If your diff is too large, Ollama will return a truncated or degraded response. To stay within safe limits:
- Review in smaller batches:
git adda subset of files before runninggit-sage review - Use
--diff-mode branchto review incrementally as you work rather than all at once - Break large features into smaller commits
A future version of git-sage could automatically chunk large diffs and aggregate the results.
Review quality depends on the model
The model flags what it can infer from the diff alone. It has no knowledge of your broader codebase; it can't see functions defined in other files, imported modules, or runtime behaviour. Issues that require cross-file context (e.g. a missing method defined elsewhere, or a race condition across two services) may not be caught.
Think of git-sage as a fast first pass, not a replacement for human review on critical code paths.
Structured output is not guaranteed
git-sage instructs the model to respond in a specific format (SUMMARY / ISSUES / SUGGESTIONS / VERDICT).
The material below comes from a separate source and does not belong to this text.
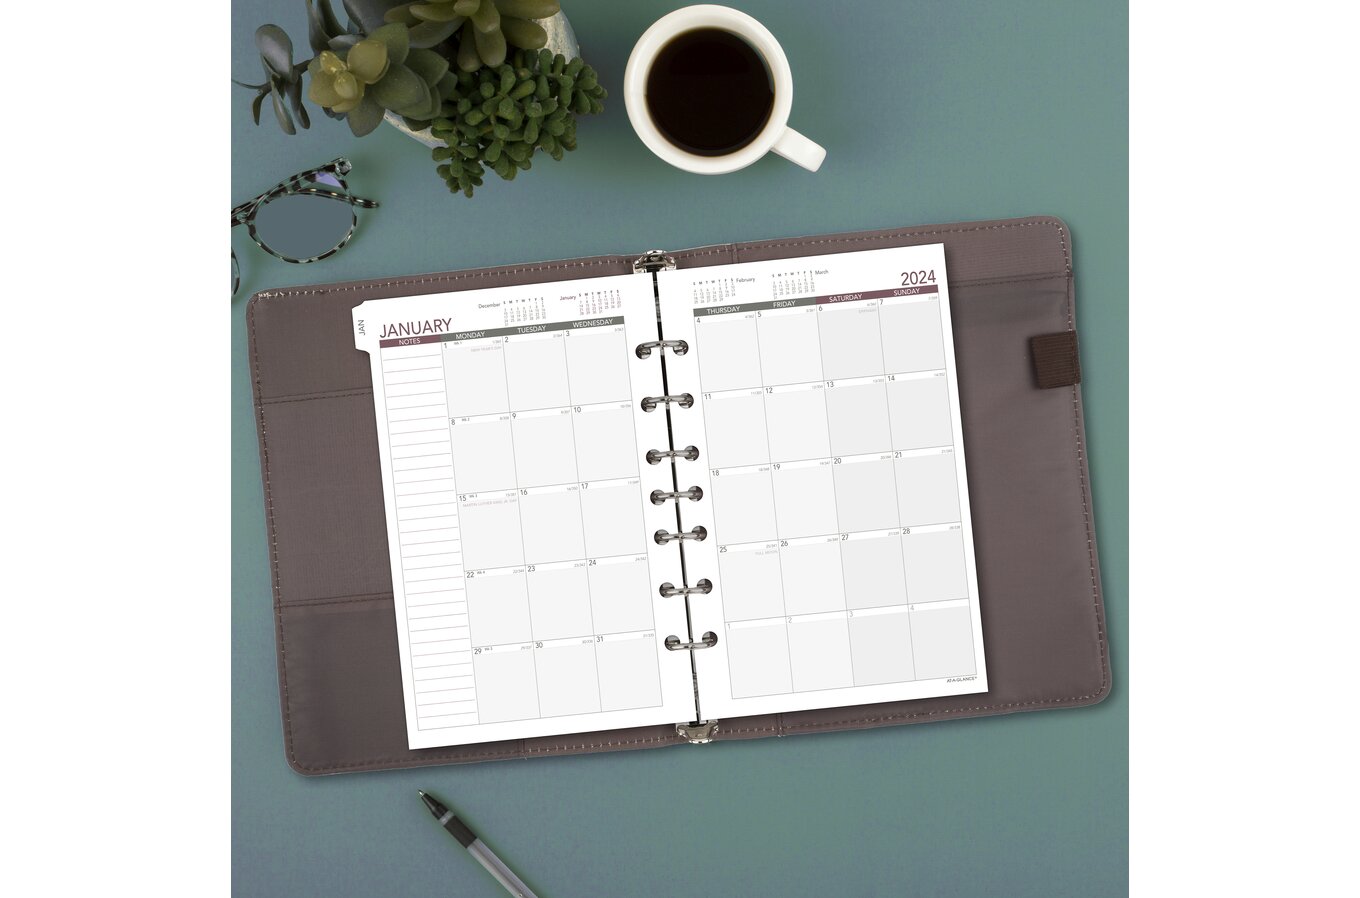 AT-A-GLANCE 2024 Weekly Planner Refill, Loose-Leaf, Desk Size, 5 1/2 x 8 1/2, Refillable Planners & Refills

Most of the time this works reliably with qwen2.5-coder:7b. Occasionally, especially with smaller or general-purpose models, the model may deviate from the format, resulting in an UNKNOWN verdict. The review is still shown, but the push is not aborted.
If you see frequent UNKNOWN verdicts, switch to a larger or more instruction-following model.
CPU inference is slow on large diffs
Without a GPU, inference time scales with diff size and model size. A small diff with qwen2.5-coder:7b takes 10–20 seconds on a modern CPU. A large diff with a 14B model can take several minutes. If speed is a concern, use a smaller model (qwen2.5-coder:3b) or invest in a machine with Apple Silicon or an NVIDIA GPU, where Ollama uses hardware acceleration automatically.